Let \(\{E_1, E_2, \ldots, E_n\}\) be a partition of the sample space \(S\), and suppose that each of the events \(E_1, E_2, \ldots, E_n\) has a nonzero probability of occurrence. Let \(A\) be any event associated with \(S\). Then, the probability of \(A\) can be expressed as:

\[ P(A) = P(E_1)P(A|E_1) + P(E_2)P(A|E_2) + \ldots + P(E_n)P(A|E_n) \]

Alternatively, using summation notation:

\[ P(A) = \sum_{i=1}^{n} P(E_i)P(A|E_i) \]

We shall now state and prove Bayes’ Theorem.

Bayes’ Theorem:

If \(E_1, E_2, \ldots, E_n\) are \(n\) non-empty events that constitute a partition of the sample space \(S\), i.e., \(E_1, E_2, \ldots, E_n\) are pairwise disjoint and \(E_1 \cup E_2 \cup \ldots \cup E_n = S\), and \(A\) is any event of nonzero probability, then:

\[ P(E_i|A) = \frac{P(E_i)P(A|E_i)}{\sum_{j=1}^{n} P(E_j)P(A|E_j)} \]

for any \(i = 1, 2, 3, \ldots, n\).

Proof:

By the formula of conditional probability, we know that:

\[ P(E_i|A) = \frac{P(A \cap E_i)}{P(A)} \]

Using the multiplication rule of probability, we have:

\[ P(A \cap E_i) = P(E_i)P(A|E_i) \]

Thus,

\[ P(E_i|A) = \frac{P(E_i)P(A|E_i)}{P(A)} \]

By the theorem of total probability, we know that:

\[ P(A) = \sum_{j=1}^{n} P(E_j)P(A|E_j) \]

Substituting this into the expression for \(P(E_i|A)\) gives:

\[ P(E_i|A) = \frac{P(E_i)P(A|E_i)}{\sum_{j=1}^{n} P(E_j)P(A|E_j)} \]

Remark:

The following terminology is generally used when Bayes’ theorem is applied. The events \(E_1, E_2, \ldots, E_n\) are called hypotheses. The probability \(P(E_i)\) is called the a priori probability of the hypothesis \(E_i\).
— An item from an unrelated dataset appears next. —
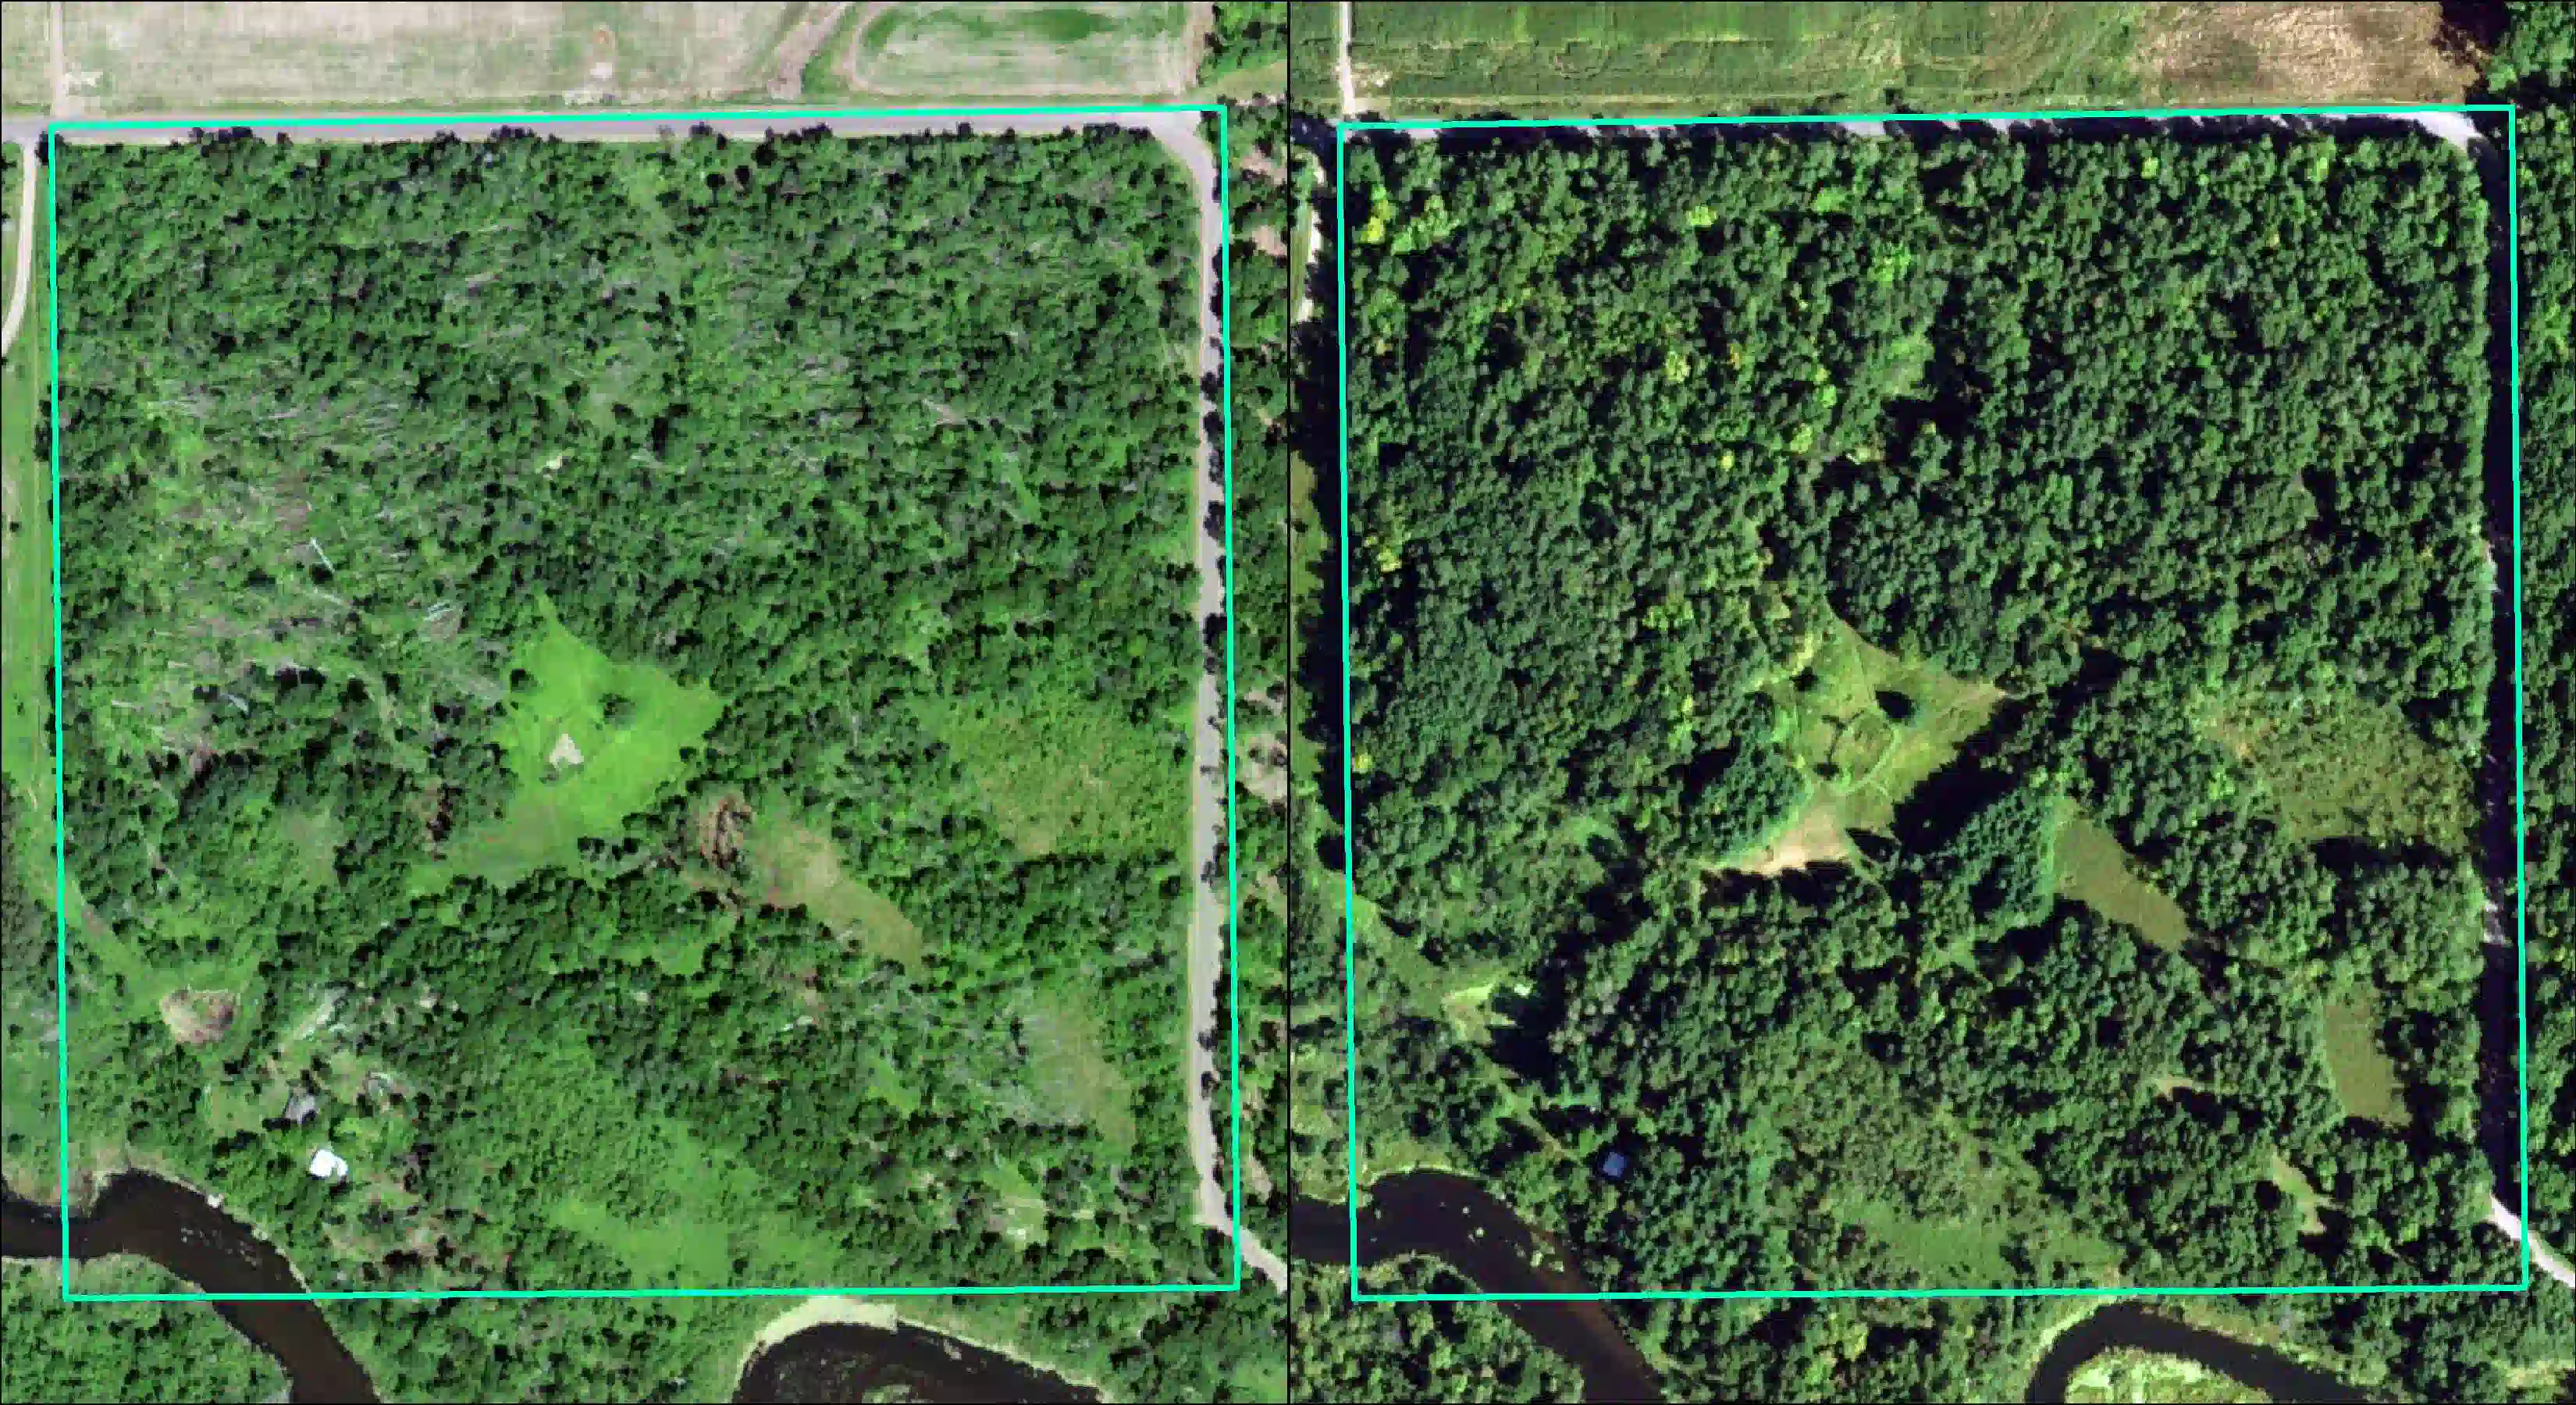 A side-by-side comparison of two leaf-on aerial imagery. Property boundary is presented for reference as a square turquoise outline.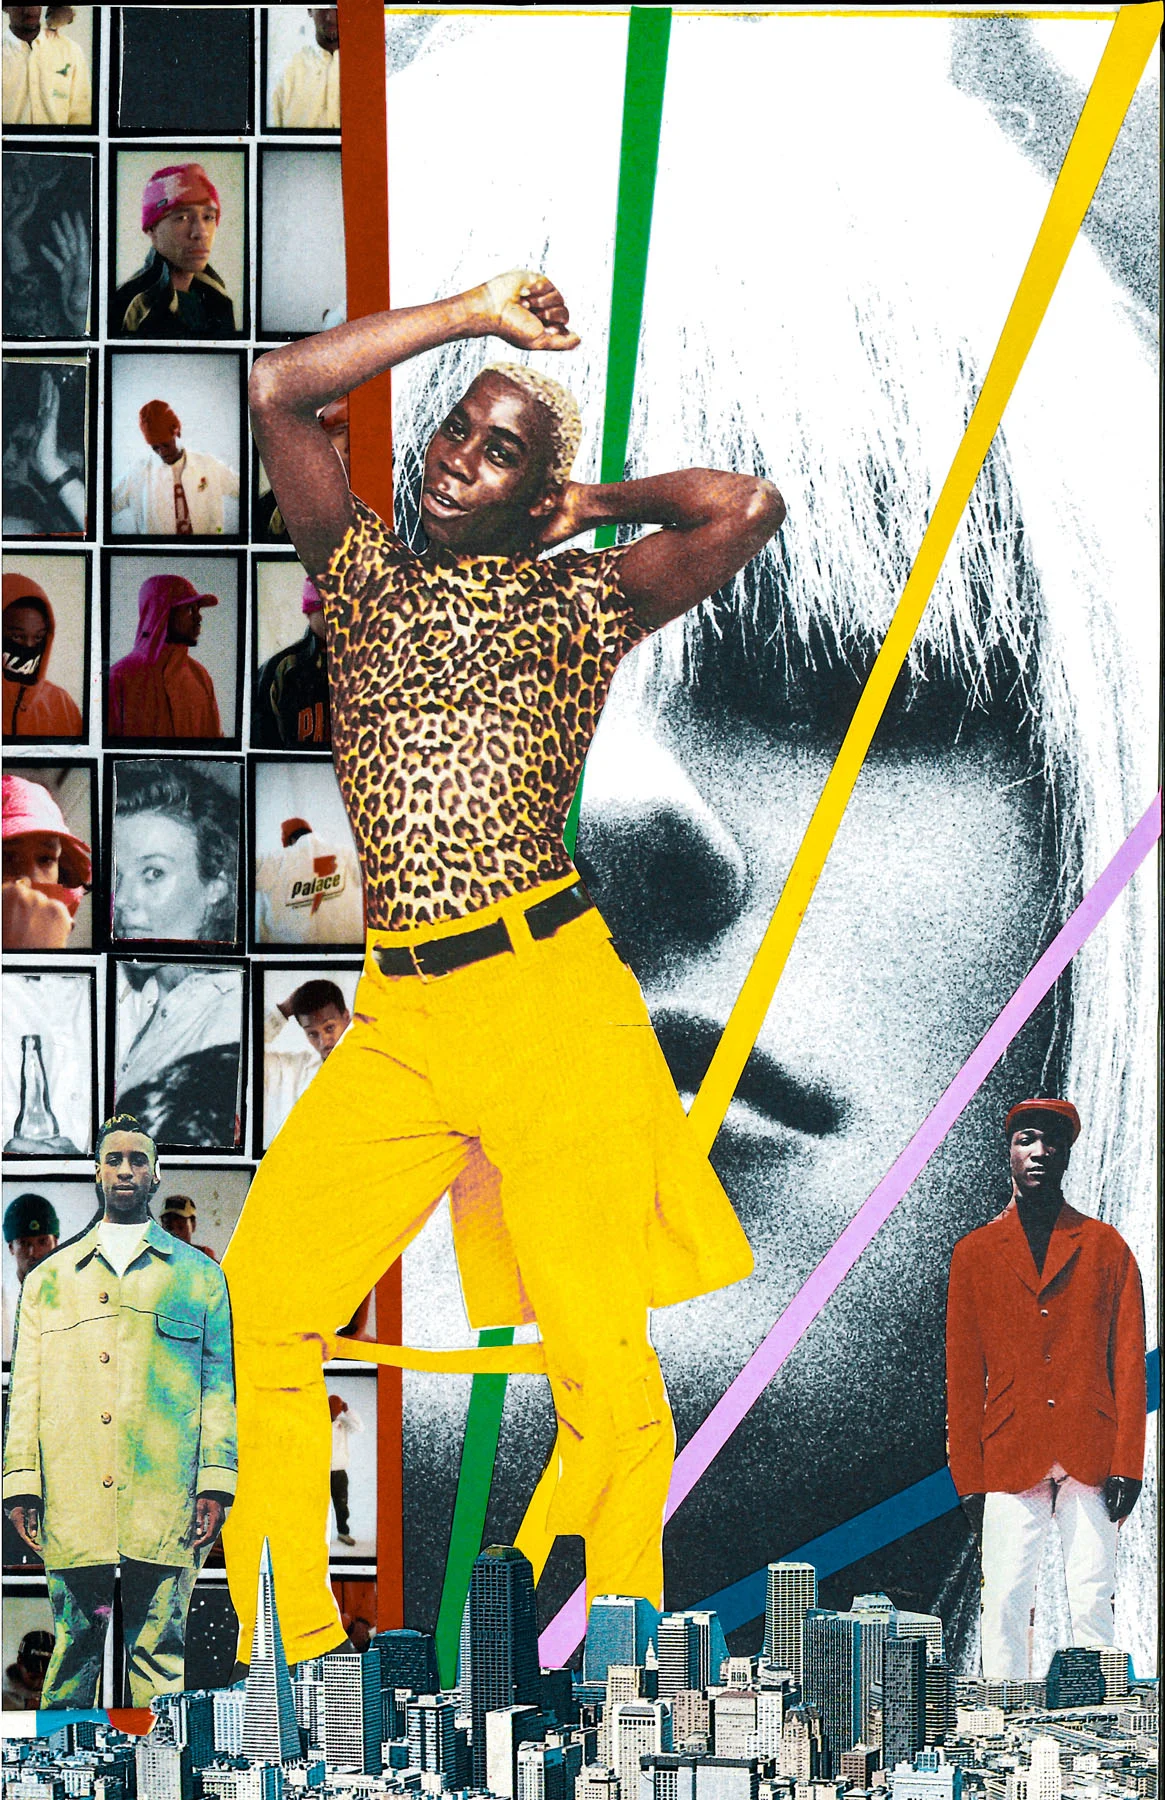 A collage with a black and white photo in the background, with a man wearing yellow pants, a leopard print shirt, and blonde hair posing in the center. Pink, yellow, green, and red strips of contruction paper are featured throughout the photo.

The conditional probability \(P(E_i|A)\) is called the a posteriori probability of the hypothesis \(E_i\). Bayes’ theorem is also called the formula for the probability of “causes”. Since the \(E_i\)’s are a partition of the sample space \(S\), one and only one of the events \(E_i\) occurs (i.e., one of the events \(E_i\) must occur and only one can occur). Hence, the above formula gives us the probability of a particular \(E_i\) (i.e., a “cause”), given that the event \(A\) has occurred. Bayes’ theorem has its applications in a variety of situations, a few of which are illustrated in the following examples.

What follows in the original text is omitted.